UK government launches plan to ease charge limit on pension fund investments

A fee limit protecting UK retirement savers from high fees is set to be relaxed further amid proposals to get pension funds to invest billions of pounds in unlisted investments like capital investment.
On Tuesday, the government will announce its intention to exclude from the cap on corporate pension fees âwell-designedâ performance fees, typically levied by private equity and venture capital managers, according to the details of the proposal seen. by the Financial Times.
These fees are currently included in an annual cap of 0.75 percent on fees for self-enrolled workers in occupational pension plans known as defined contribution plans. But trustees are rarely invested in assets that charge such fees due to concerns ranging from cost transparency to volatility.
The government should say it is committed to removing barriers to investment in all asset classes that could bring benefits to retirement savers, according to an official briefed on the proposal.
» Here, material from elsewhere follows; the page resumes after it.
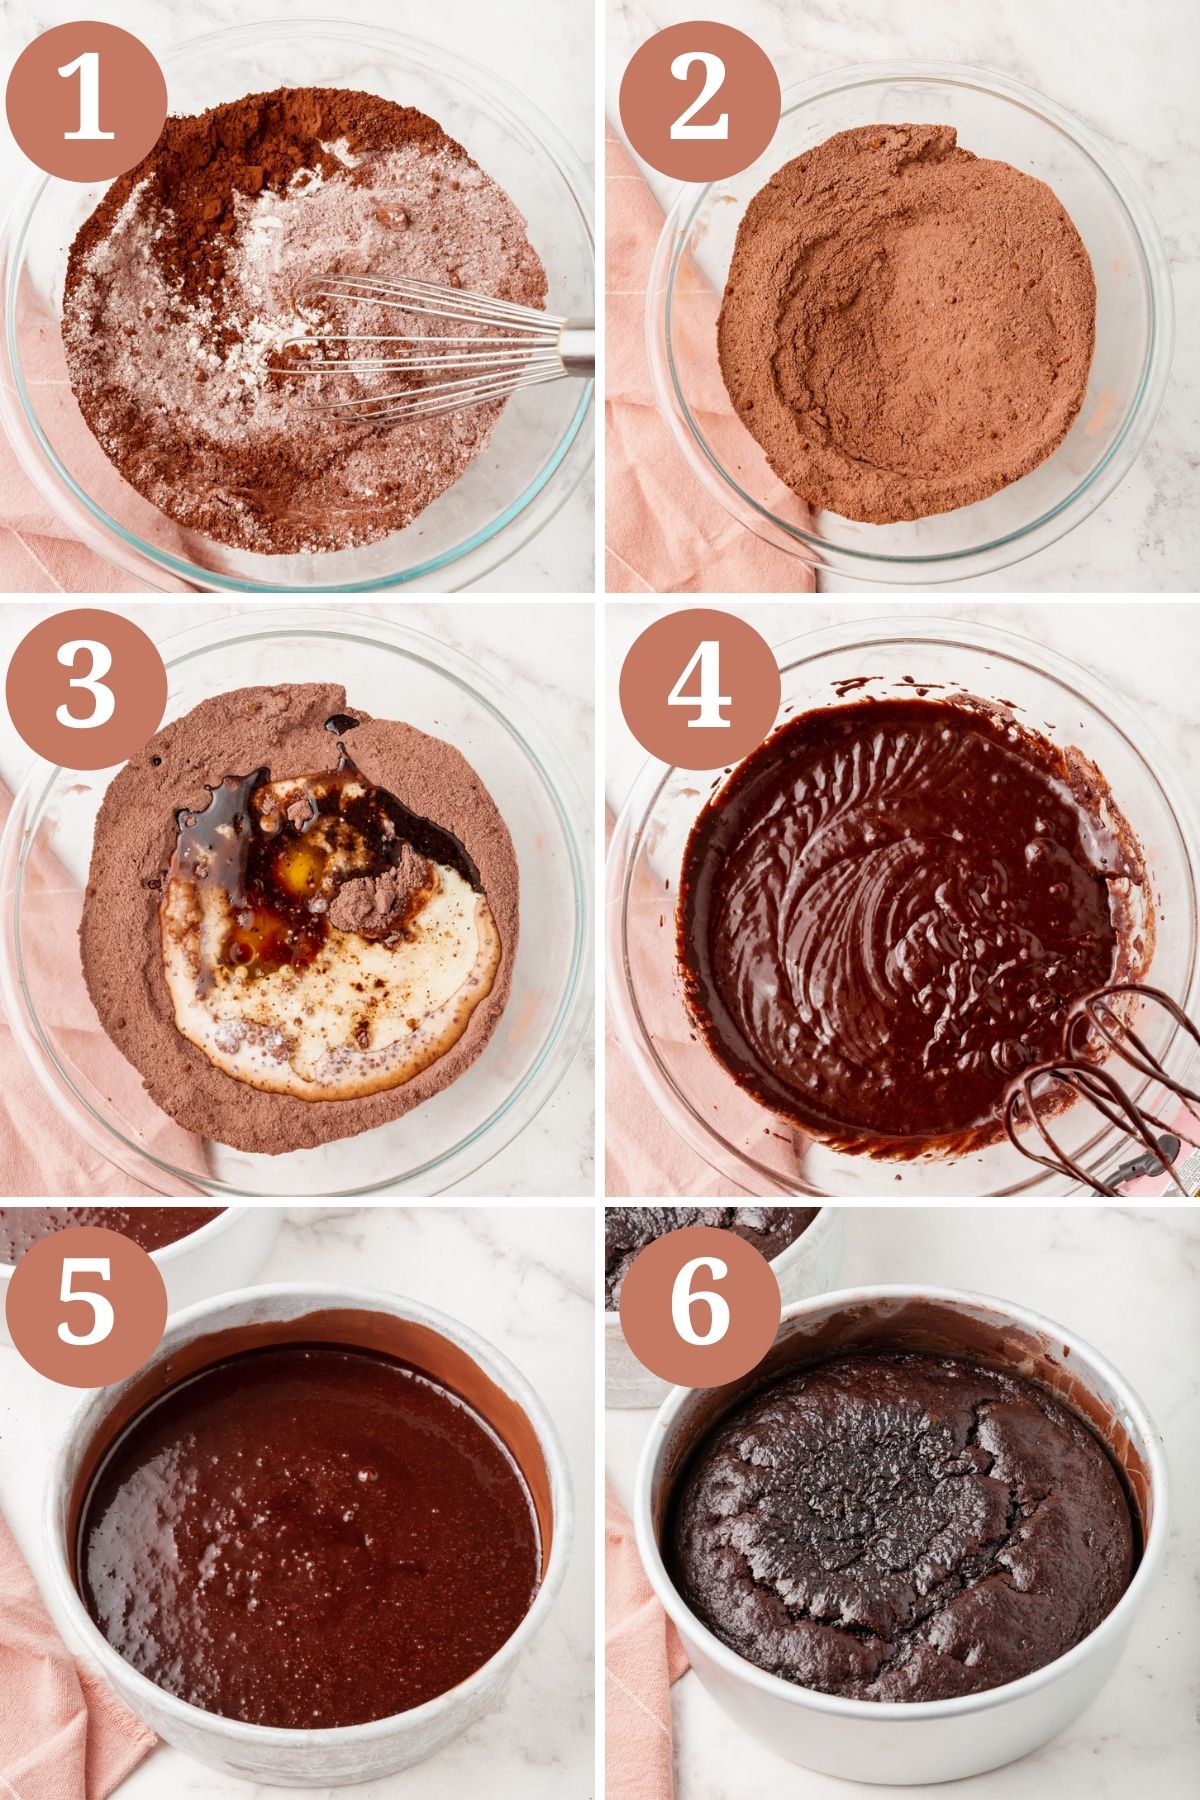 Steps for making gluten-free chocolate cake.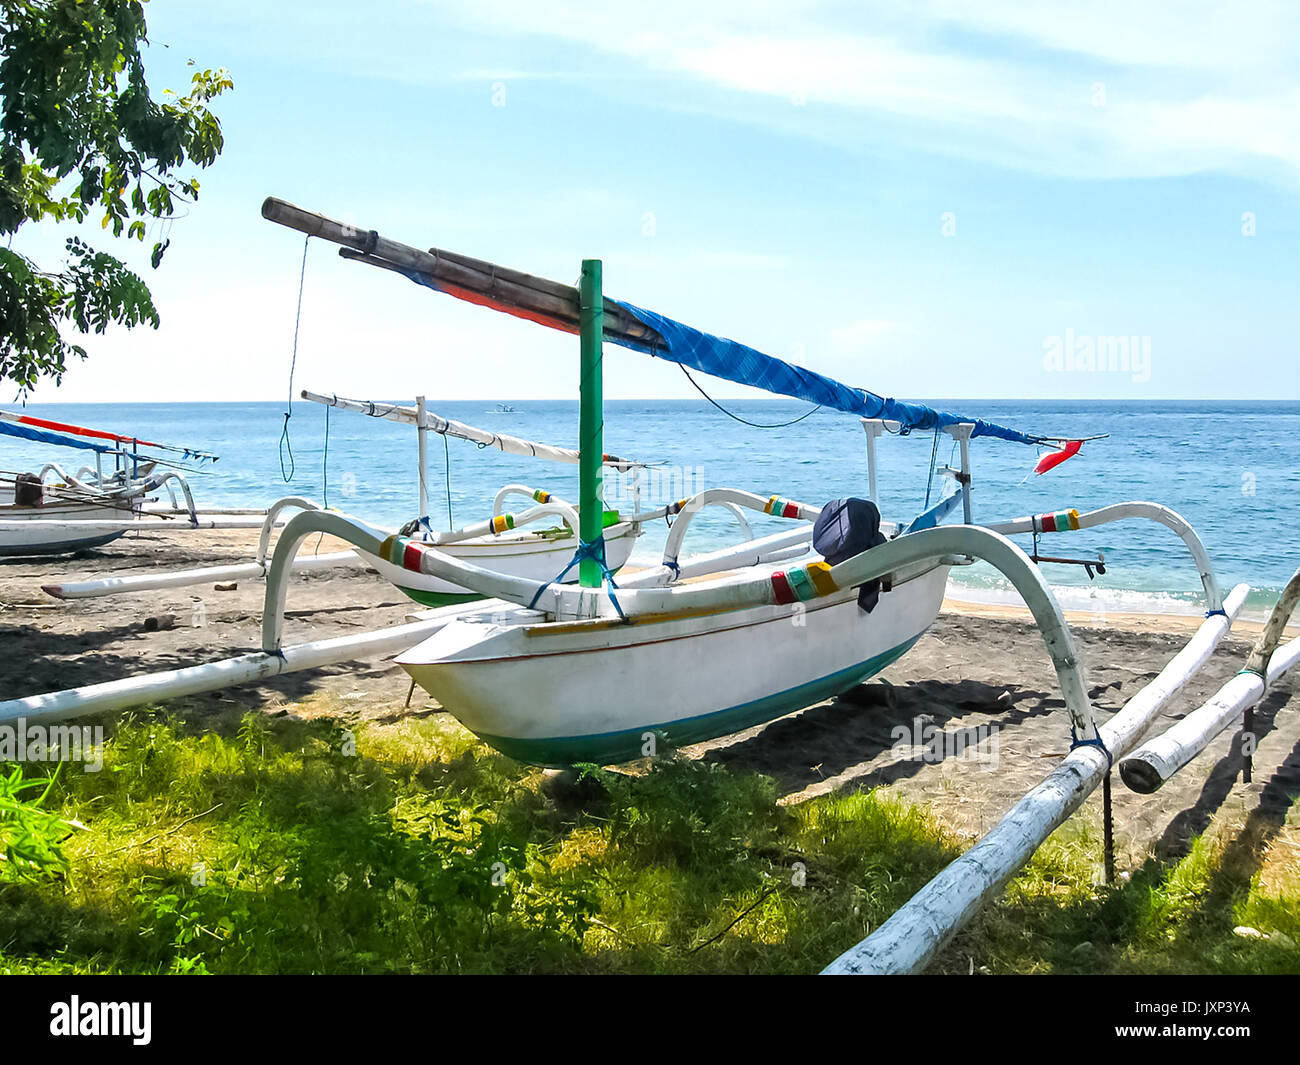 Traditional Balinese boat on a Amed beach in Bali, Indonesia Stock Photo

Ministers said this year that reforms are needed to allow directors to invest in so-called illiquid industries, those in which it is harder and more expensive to buy and sell assets. Performance fees levied by private equity and venture capital funds are generally charged when a manager exceeds a set performance target, but they can be very volatile.
The consultation comes at a time when Chancellor Rishi Sunak is looking for ways to tap billions of pounds in pension funds to invest in long-term projects to help deliver Prime Minister Boris Johnson’s pledge to to spread economic growth across the UK.
Certain unlisted assets, such as infrastructure and private credit, are accessible without paying outperformance fees. But while venture capital and other forms of private equity tend to pay off and are seen as more difficult to access than more liquid investments like stocks, they are also seen to offer potential higher gross returns.
âInvesting in asset classes such as green infrastructure, private equity and venture capital fits well with DC’s long-term horizons. [defined contribution] plans, âsaid Guy Opperman, Minister of Pensions, in a statement to the FT.
âSuch investments have the potential to provide better returns to members as part of a balanced portfolio and help maintain jobs, our communities and the environment,â said Opperman. “We propose to increase the flexibility for directors to access a range of assets while ensuring that members are protected against foreclosure charges.”
The move comes after the government this year moved to give trustees more flexibility on how they account for performance fees in the fee cap in a bid to stimulate investment in illiquid assets.
Mick McAteer, co-founder of the Financial Inclusion Center and former board member of the Financial Conduct Authority, said the move was “unnecessary and counterproductive”.
âIt will undermine the value of retirement savings by allowing an already inefficient industry to simply extract more value,â McAteer said.
âThe government should keep the pressure on the charges. But he seems to have once again bowed to pressure from the industry lobby. We see a pattern here. Not a good sign. “
A spokesperson for the British Private Equity and Venture Capital Association lobby group said he supported “removing deferred interest and well-designed performance fees from the cap” because the high fees in the industry “should be justified by strong long-term performance “.
Buyout groups charge up to 2% per annum in management fees and additionally take 20% of profits above a set threshold, far exceeding the current cap of 0.75%.
The government consultation ends on January 18 of next year.